Thanks to some famous friends, Andrea Riseborough, star of the little-seen, low-budget film, is competing in a stacked Best Actress race.

Photo of A.A. Dowd
Andrea Riseborough in To Leslie

Andrea Riseborough in To Leslie

Momentum Pictures

The nominations for the 95th Academy Awards were announced early Tuesday morning, and as usual, a list dominated by foregone conclusions (like the big showing for A24 crowdpleaser Everything Everywhere All At Once) also included a few genuine surprises. One in particular is provoking a lot of conversation and ink today, and that would be the star of a low-budget, low-grossing, little-seen West Texas drama managing to secure a spot within the very competitive Best Actress category.

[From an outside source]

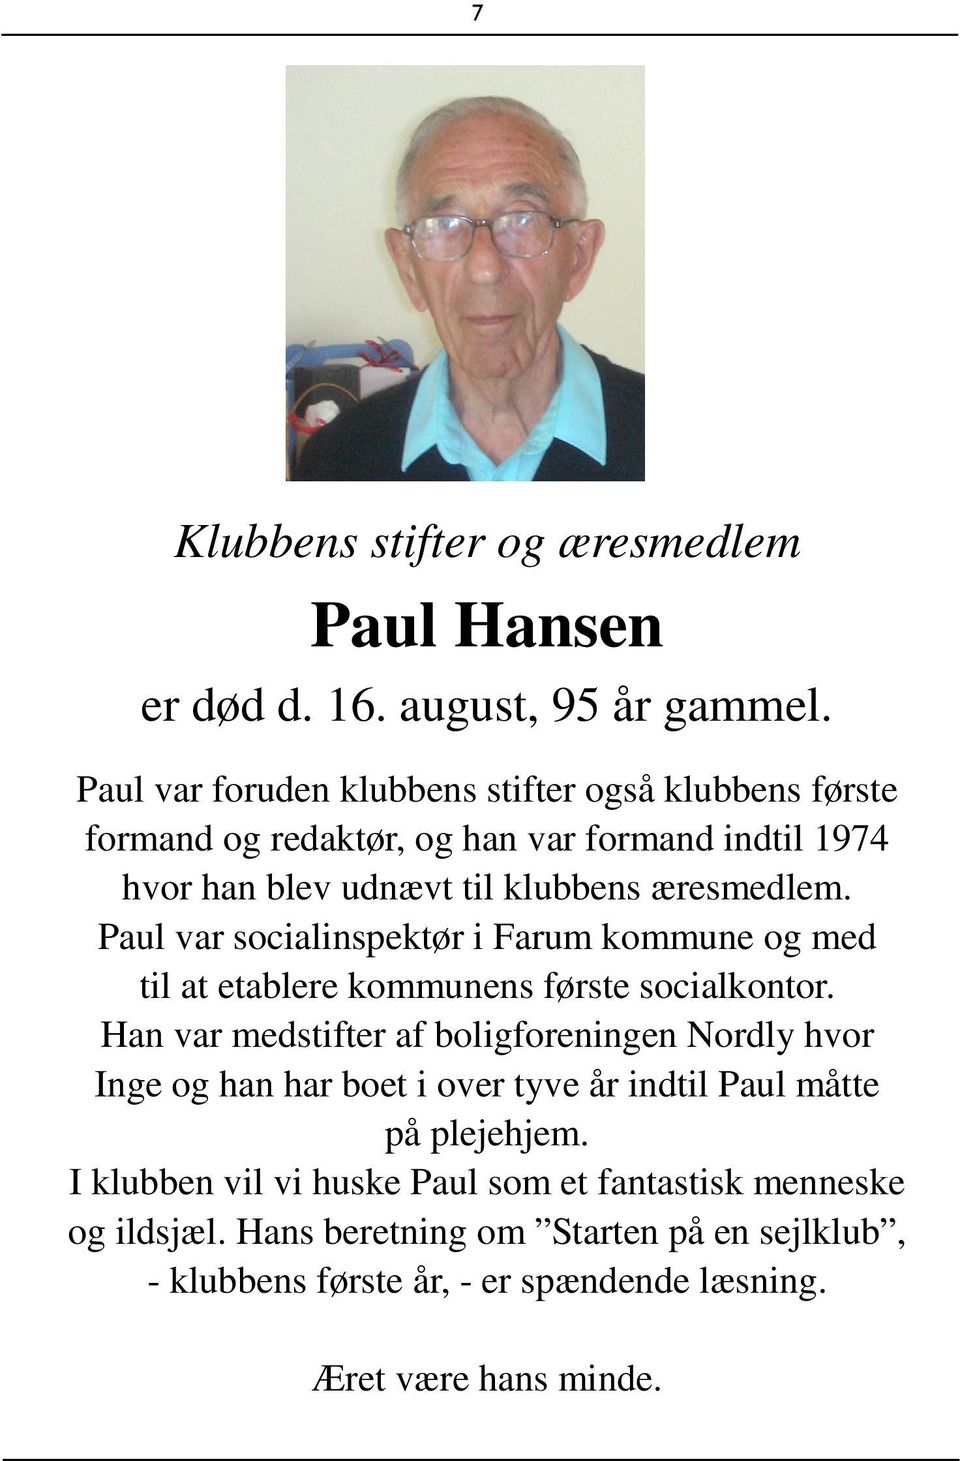 Paul var socialinspektør i Farum kommune og med til at etablere kommunens første socialkontor.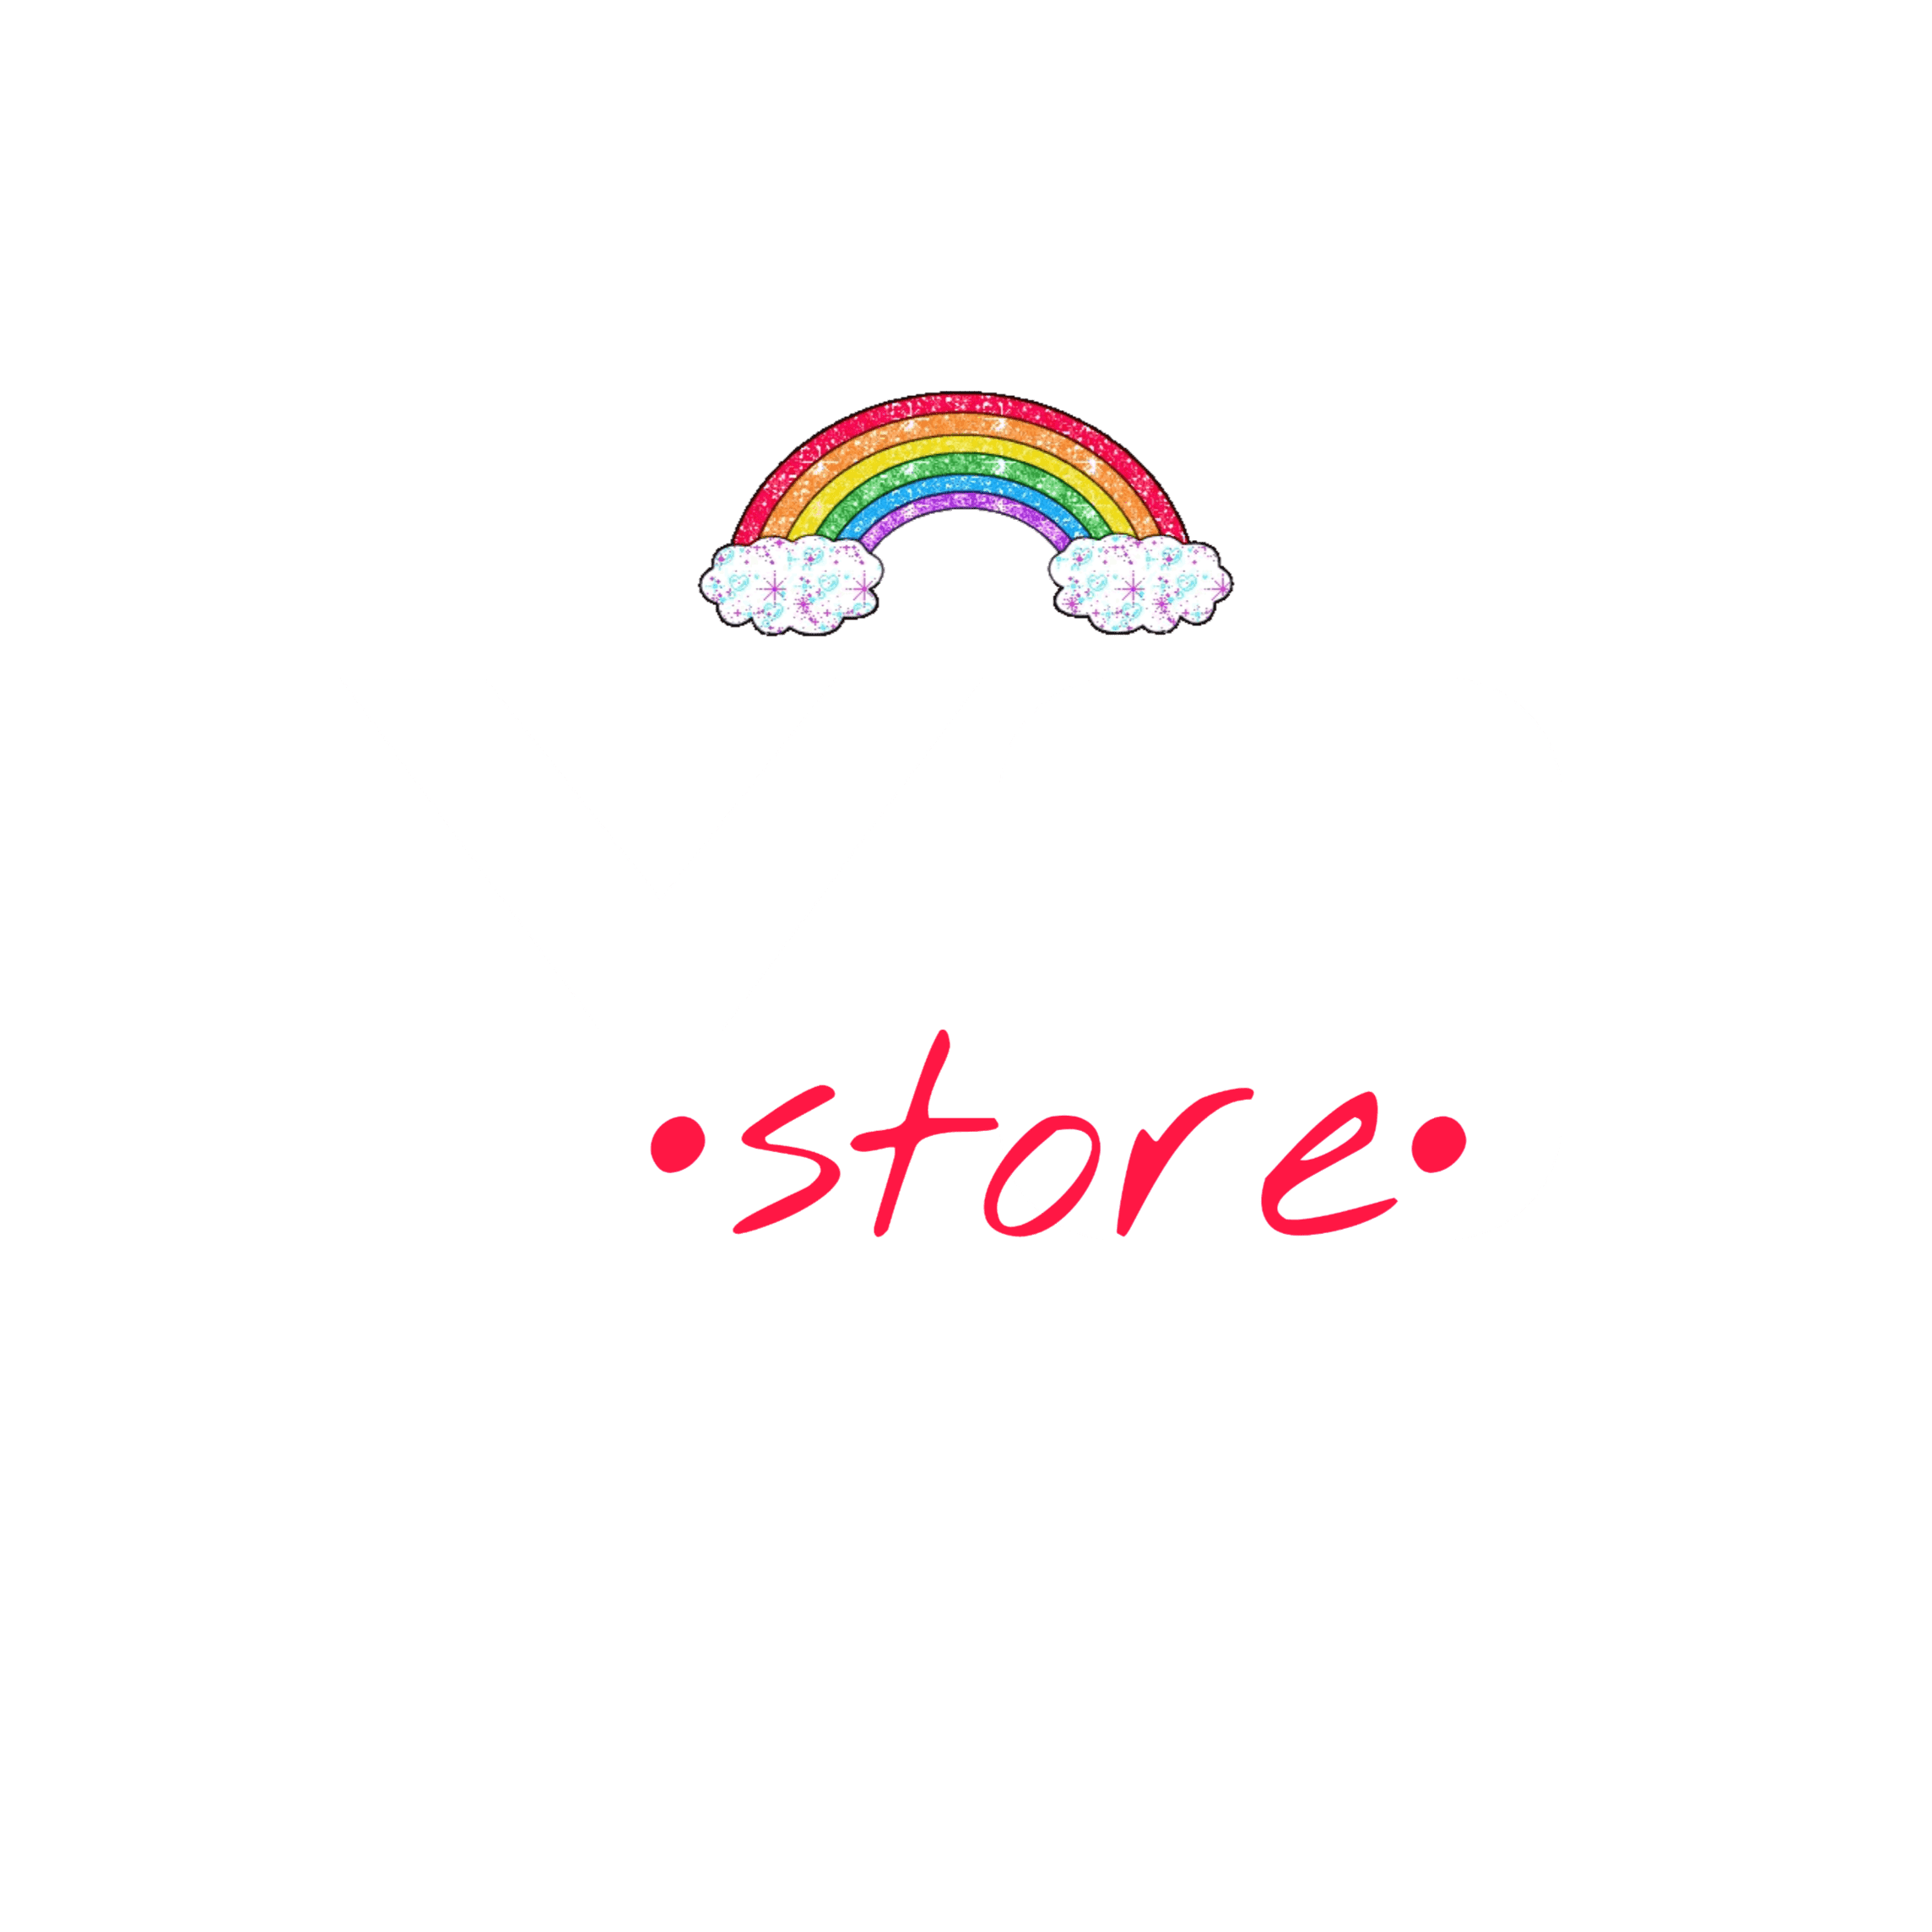 YG Store

The star is Andrea Riseborough, who plays a recovering alcoholic reuniting with her estranged son in To Leslie. It's no exaggeration to say that the movie, which premiered in Austin at SXSW last March—alongside aforementioned, increasingly apparent frontrunner Everything Everywhere—is the most obscure title represented in the major Oscar categories this year. It made only about $27,000 during its brief theatrical run in the fall, and while it's now available to digitally rent, it hasn't enjoyed the visibility afforded to films available to stream on Netflix or Apple TV+. Nor has To Leslie shown up regularly among the critical darlings and guild favorites of this awards season, having only picked up a few nods before today.

Still, it can't really be said that Riseborough's nomination came out of nowhere. It is, in all likelihood, the result of an uncommonly coordinated celebrity grassroots campaign. About two weeks ago, timed to ballots going out to Academy members, famous actors began simultaneously expressing their love for the performance. While stars like Charlize Theron, Edward Norton, and Jennifer Aniston are said to have hosted screenings of To Leslie, the real pro bono, get-out-the-vote movement happened on social media, where dozens of Hollywood names tweeted support for Riseborough. Some simply circulated a prepared line of copypasta, which really underscored the impression of an organized attempt to sway the vote.

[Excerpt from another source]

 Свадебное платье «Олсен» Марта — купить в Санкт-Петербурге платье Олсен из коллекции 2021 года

To some, the success of this campaign has been cause for celebration. To Leslie is the kind of movie—genuinely independent and intimately scaled, with no giant stars—that's often overlooked by the Academy. What's more, its distributor, Momentum Pictures, lacked the resources to launch a full-court-press For-Your-Consideration effort, the kind that benefited almost all of the other nominees, this year or any other. In theory, a word-of-mouth campaign is a victory over the pay-to-play economics of awards season, in which the studios that spend the most tend to win the most.

On the other hand, Riseborough's nomination can also be seen as proof that Hollywood really is a big clubhouse. Did every member who voted for this "small movie with a big heart" actually see it? How about every celebrity singing its praises? The reused copypasta suggests maybe not. Some of the conversation Tuesday has pivoted around who lost a spot in the Best Actress race thanks to the collaborative efforts of famous friends with big followings and microphones. As some have pointed out, this surprise nomination may have come at the expense of two Black actresses widely considered top contenders, Danielle Deadwyler for Till and Viola Davis for The Woman King. Where were their grassroots celebrity campaigns?

Without the vote tallies, there's no way to know how close either woman—or really anyone else—came to landing a nomination. And it's not as though admiration for Riseborough has emerged from out of nowhere. She's a consummate character actor who's built an impressive, versatile resume over the years, punching up the margins of past Oscar winners (Birdman) and big-budget blockbusters (Oblivion), while delivering knockout lead performances in similarly "small" pictures like Nancy and Possessor. No one is owed an Oscar nomination. But before today, Riseborough would have made an appropriate addition to the list of performers both consistently excellent and consistently overlooked by the Academy.

Whether she has any chance of actually winning the Oscar is debatable. Just how influential is Gwyneth Paltrow anyway? But the fact that Riseborough is even competing is a reminder that in the movie business, as in so many other industries, it's who you know that matters.

To Leslie is now available to digitally rent from the major services.